- Born: Sørsdal 24 December 1895 Lier, Norway
- Died: 5 April 1976 (aged 80)
- Spouse: Jonas Brunvoll, Sr.
- Relatives: Gunnar Brunvoll – son Jonas Brunvoll, Jr. – son

= Kirsten Brunvoll =

Norwegian politician (1895–1976)

Kirsten Brunvoll, née Sørsdal (24 December 1895 – 5 April 1976), was a Norwegian playwright, resistance member, Nacht und Nebel prisoner, World War II memoirist and politician for the Labour Party.

==Biography==
She was born in Lier to blacksmith Gabriel Sørsdal and Kristiane Zell. She married Jonas Brunvoll in 1919, and had two sons Jonas and Gunnar. The family settled at Jar in Bærum. Between 1929 and 1939 she was a prolific playwright, mostly writing comedic plays.

During the occupation of Norway by Nazi Germany the Brunvoll family took part in civil resistance; the whole family contributed to production and distribution of the illegal newspapers Norge and Norge Krigsnytt. When the undercover newspaper organization was discovered by the Gestapo in 1941, several family members were arrested. Kirsten Brunvoll's husband and her son Jonas ended up in the Sachsenhausen concentration camp, but both survived the war. Gunnar escaped to Sweden and further to Great Britain and Canada, where he was trained as a pilot.

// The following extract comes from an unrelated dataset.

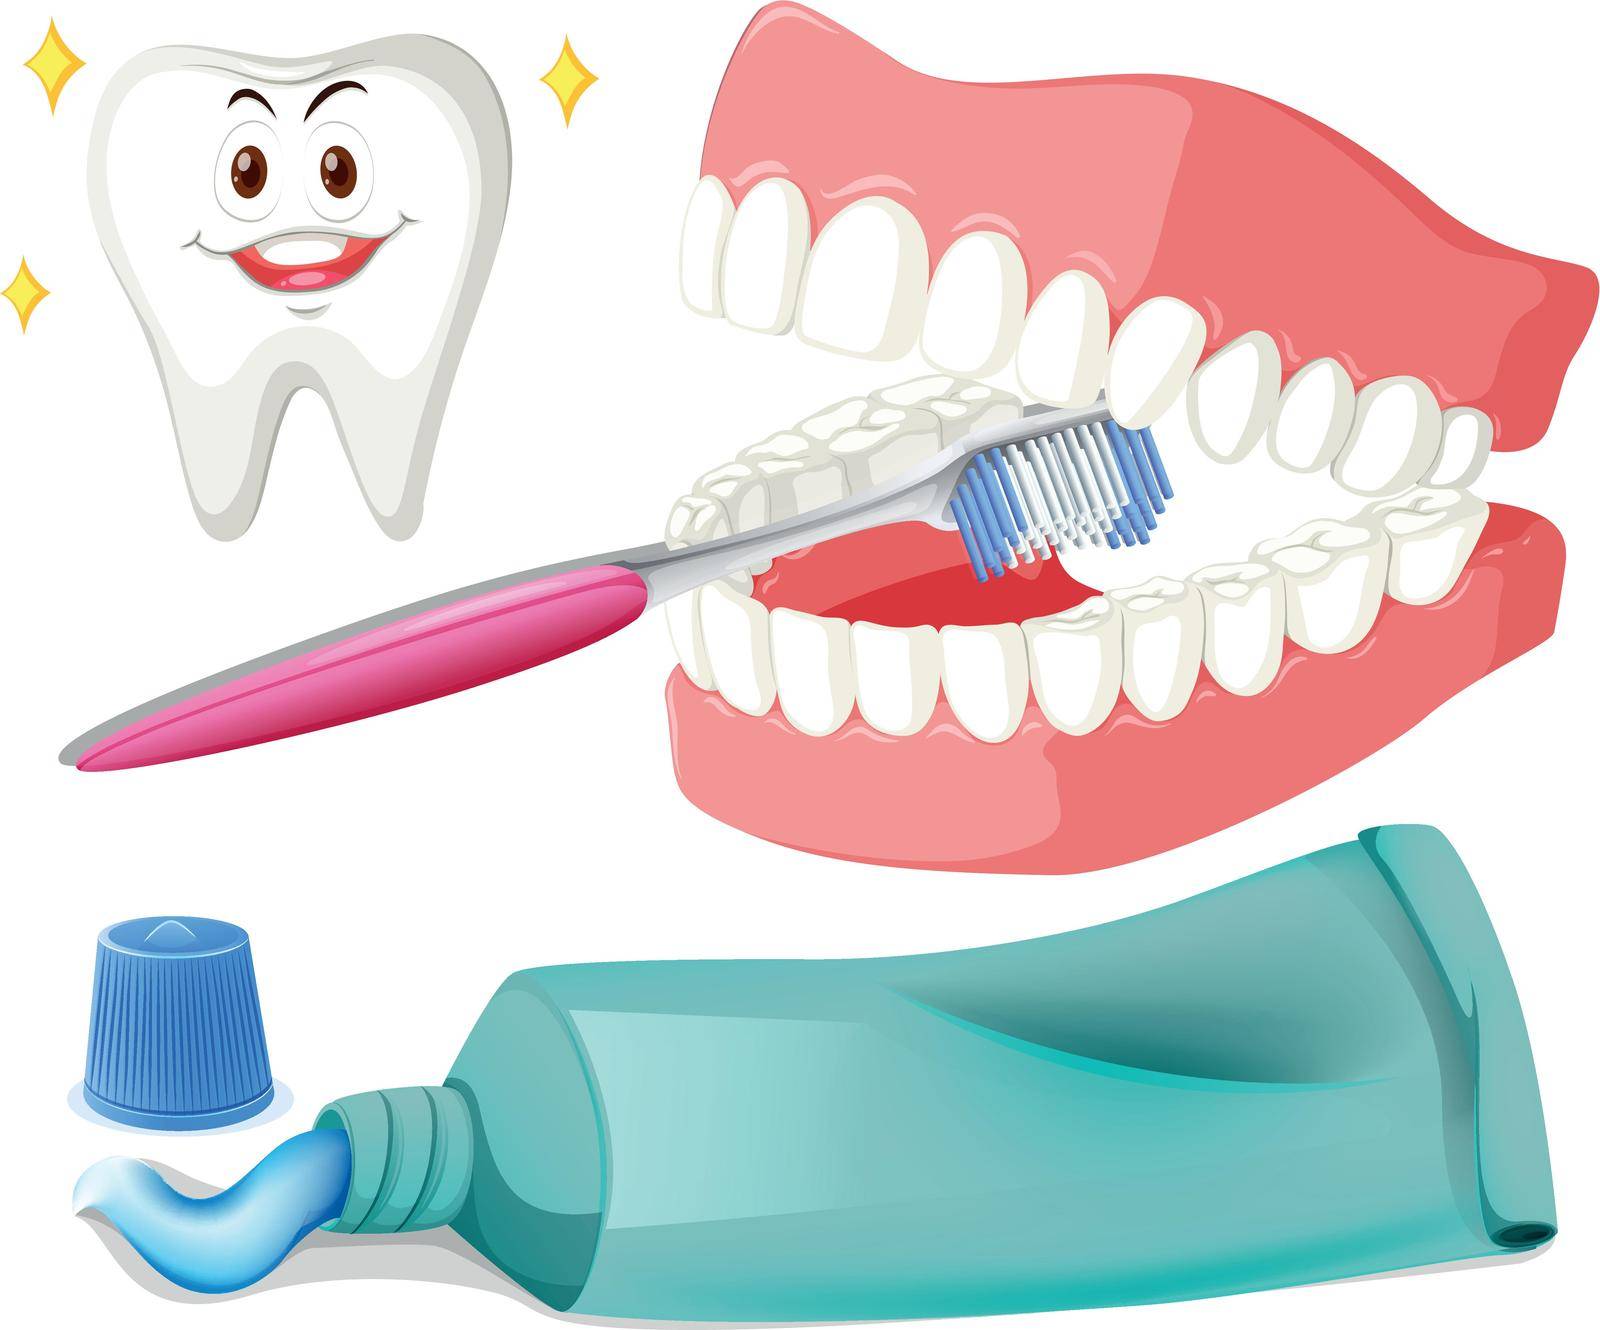 Brushing teeth with brush and paste illustration

Brunvoll was arrested and incarcerated at the Grini concentration camp in January 1942, and was transferred to Germany, to Ravensbrück, a camp specifically for women, in February 1943. While in Ravensbrück, being unfit for slave labour due to illness, she was selected for "transport", and ended up at the Majdanek concentration camp in German-occupied Poland. She was later transferred to the extermination camp Birkenau, a subcamp of the Auschwitz concentration camp system, where she arrived in 1944. Since the Birkenau gas chambers were designated specifically for killing Jews, the camp authorities had SS physicians sort out non-Jews based on their ability to work. Brunvoll reported she was fit for work, asking for a position as knitter. The following winter she was sent for transport again, a long walk under harsh conditions. The weakest women, those who could not keep up with the others, received no mercy and were shot by the German SS guards, their corpses left behind. Brunvoll ended up back in the Ravensbrück concentration camp. She was eventually rescued by the White Buses.

Brunvoll published the memoir book Veien til Auschwitz in 1947. She also issued one last play, Lønningsdag ("Pay Day") in 1948. She served as a deputy representative to the Parliament of Norway from Akershus during the terms 1945-1949 and 1950-1953. In total she met during 17 days of parliamentary session.